Of course, the representation of random_table is inefficient, and we should hand-roll a bitmap. However, the loop itself is a problem.

The trick is to notice that we can normalise the table so that the value for random_table[i][0] is always 0: in order to do so, we have to fix the initial value for acc to a random bit. That initial value is the hash value for 0, and the values in random_table[i][1] now encode whether a non-zero bit i in x flips the hash value or leaves it as is.
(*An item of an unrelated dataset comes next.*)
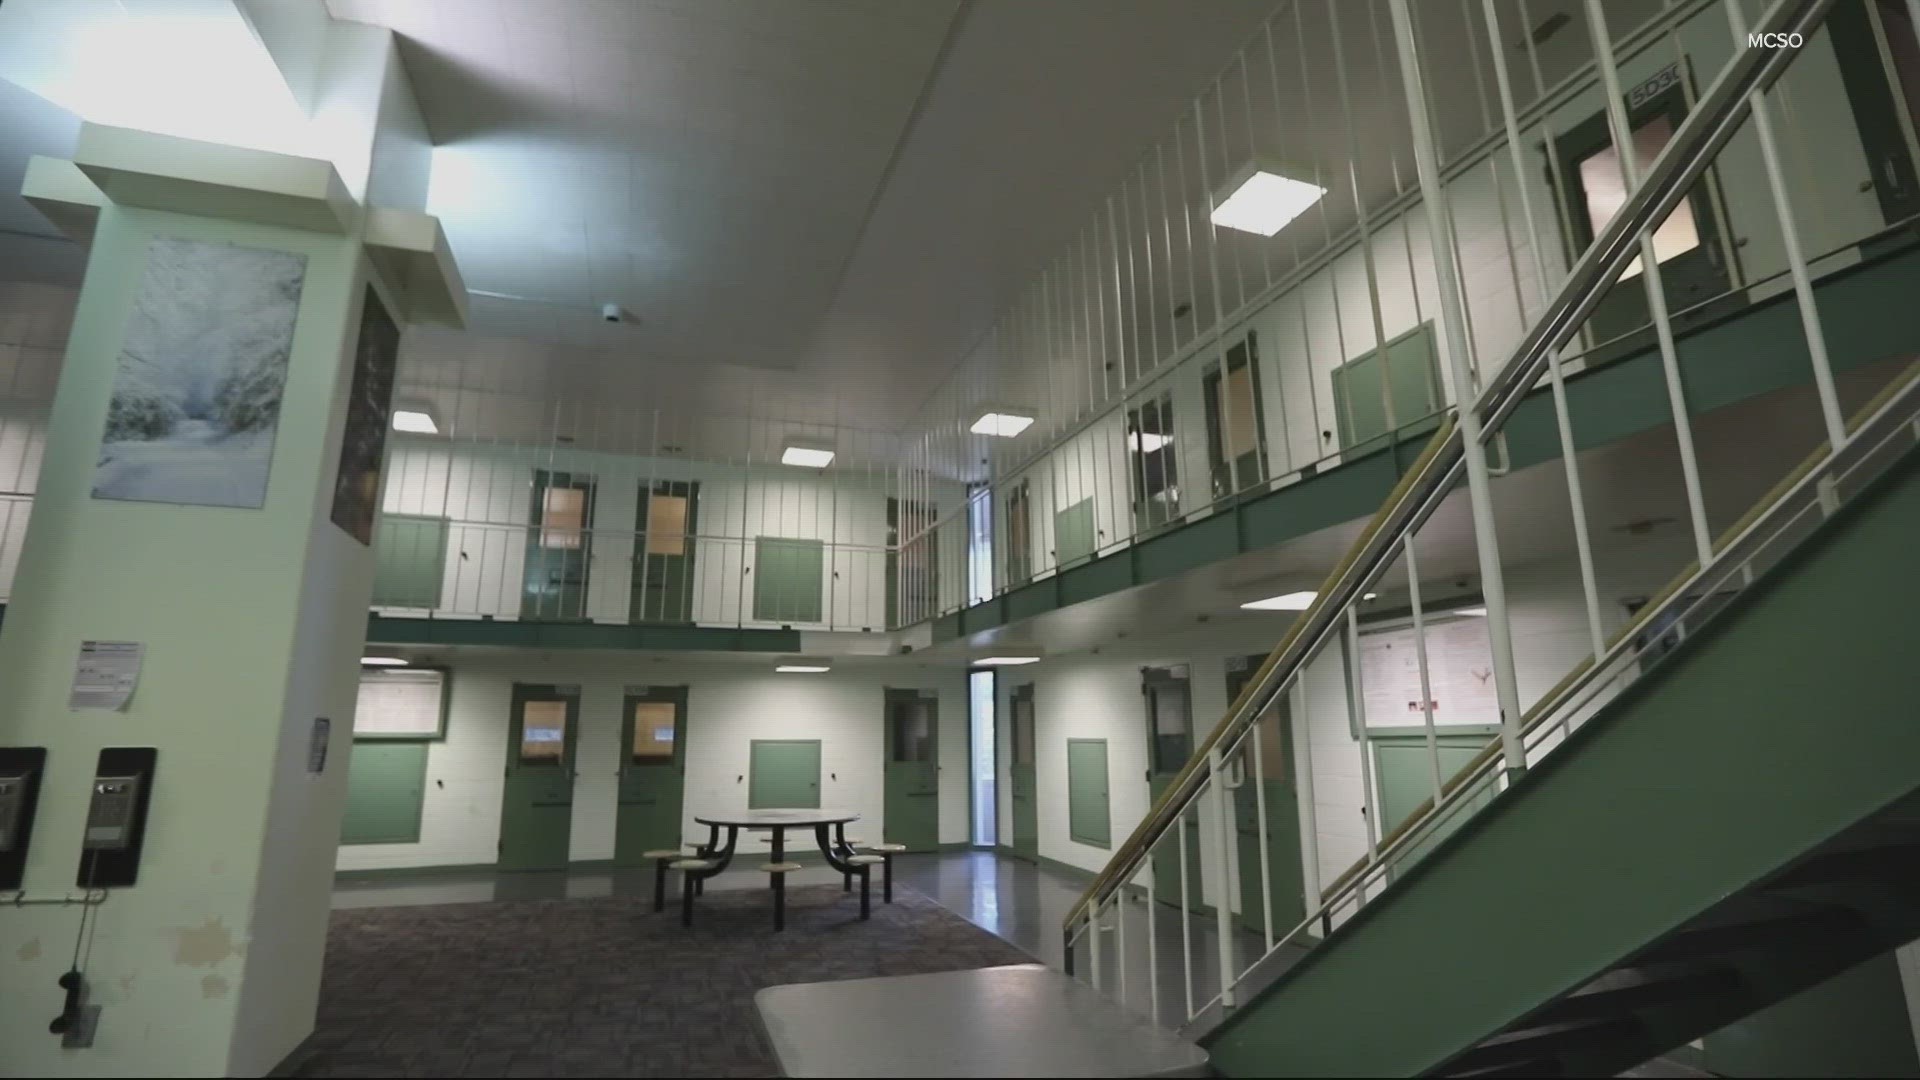 The sheriff's office had warned that a $3.4 million budget shortfall could force it to close more than 200 beds, losing nearly a fifth of the jail's capacity.
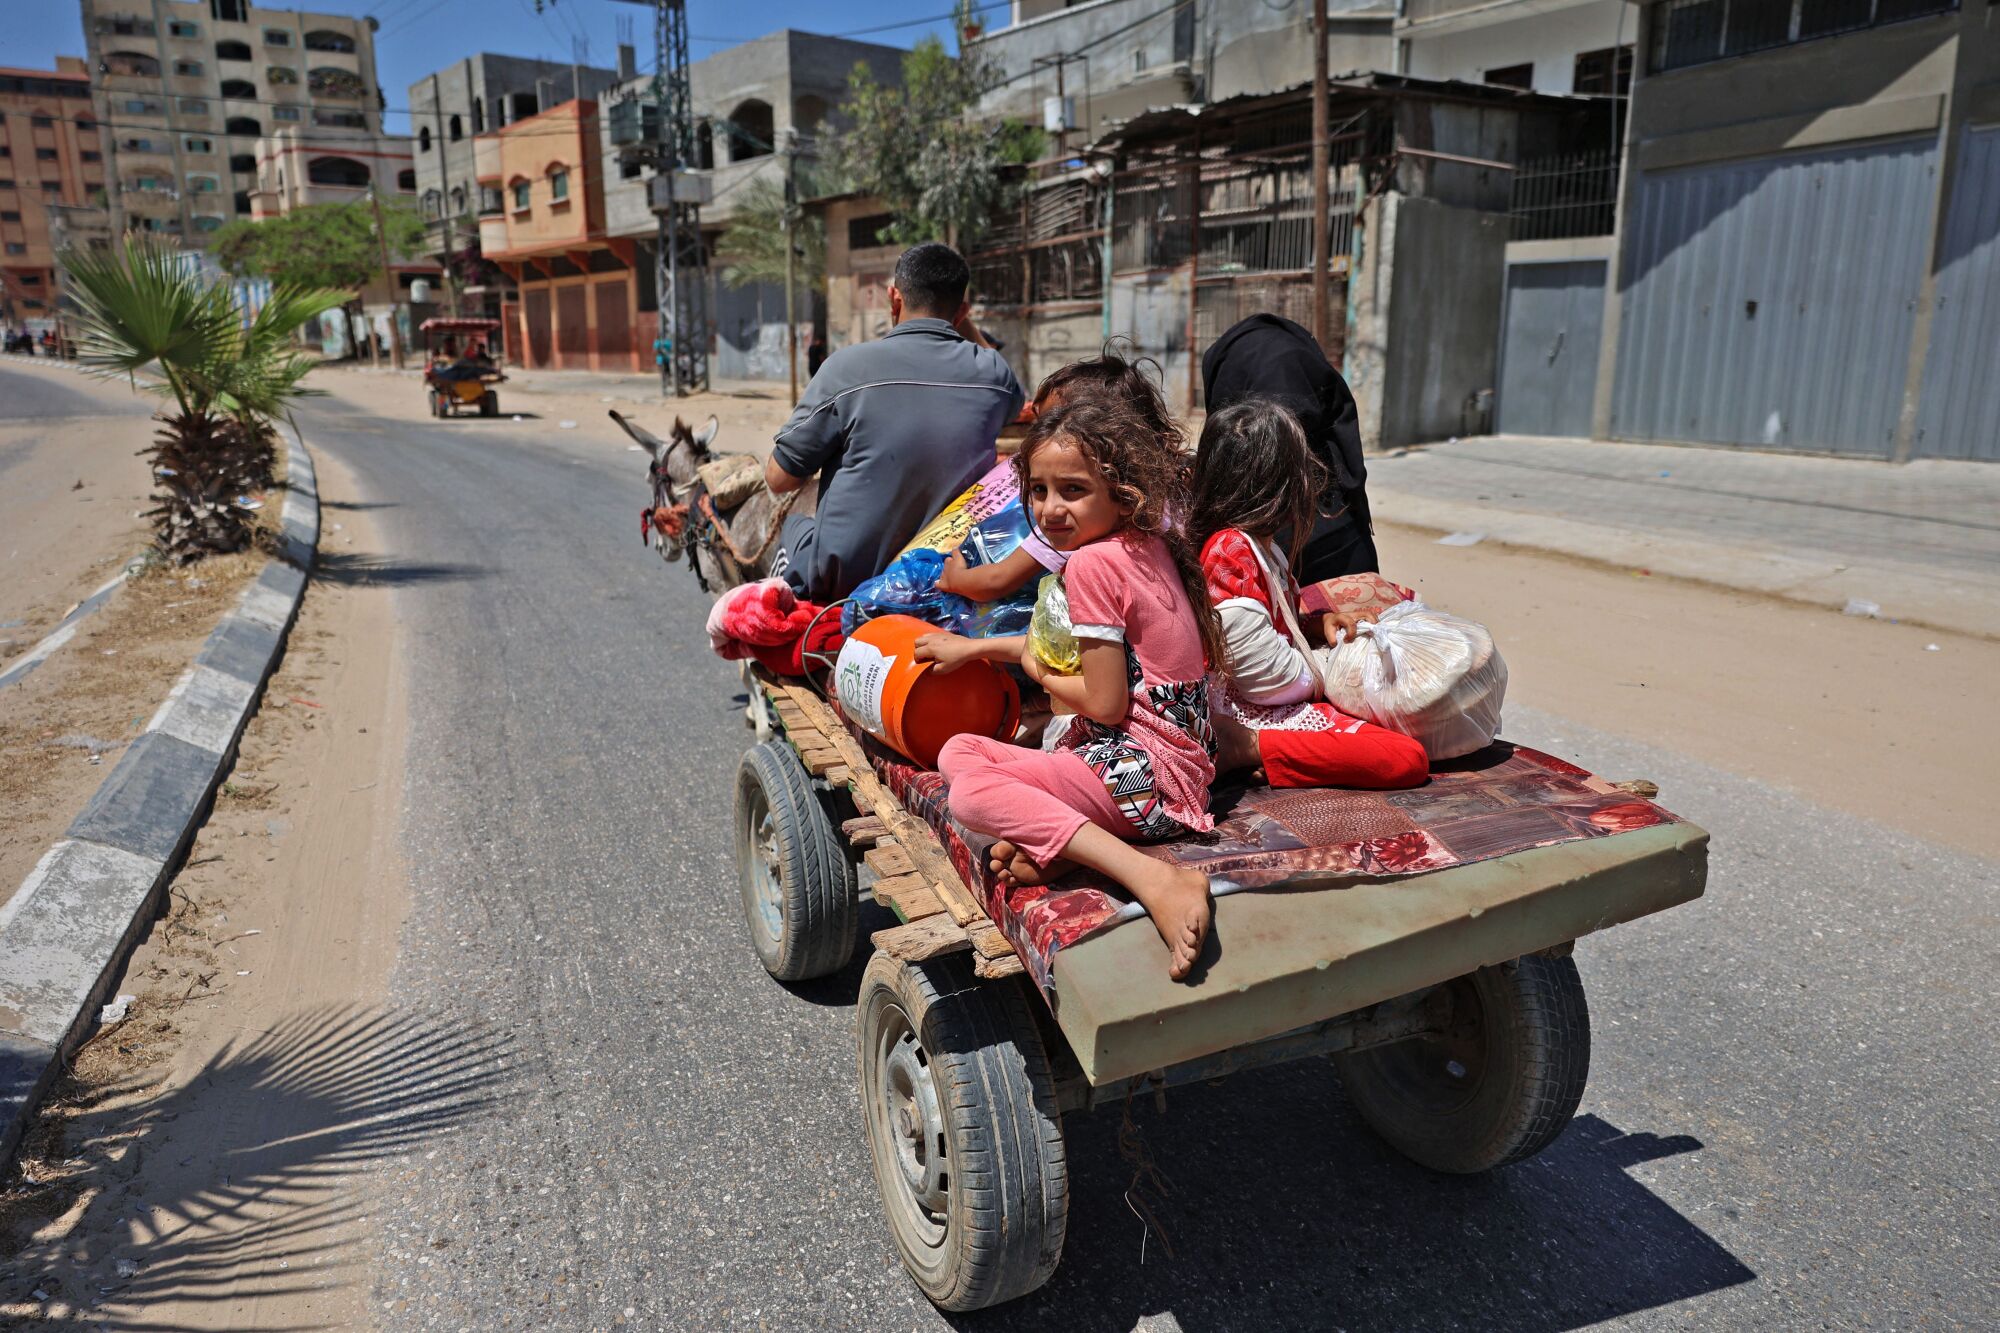 A Palestinian family flees on a cart pulled by a donkey.

The table argument for bit_hash is simply the 64 bits in random_table[i][1], and bit is the hash value for 0. If bit i in table is 0, bit i is irrelevant to the hash. If bit i in table is 1, the hash flips when bit i in x is 1. Finally, the parity counts how many times the hash was flipped.

Is it even useful?

I don’t think so. Whenever we need a hash bit, we also want a hash bucket; we might as well steal one bit from the latter wider hash. Worse, we usually want a few such bucket/bit pairs, so we could also compute a wider hash and carve out individual bits.

I only thought about this trick because I’ve been reading a few empirical evaluation of sketching techniques, and a few authors find it normal that computing a hash bit doubles the CPU time spent on hashing. It seems to me the right way to do this is to map columns/features to not-too-small integers (e.g., universal hashing to [0, n^2) if we have n features), and apply strong hashing to these integers. Hashing machine integers is fast, and we can always split strong hashes in multiple values.

In the end, this family of one-bit hash functions seems like a good solution to a problem no one should ever have. But it’s still a cute trick!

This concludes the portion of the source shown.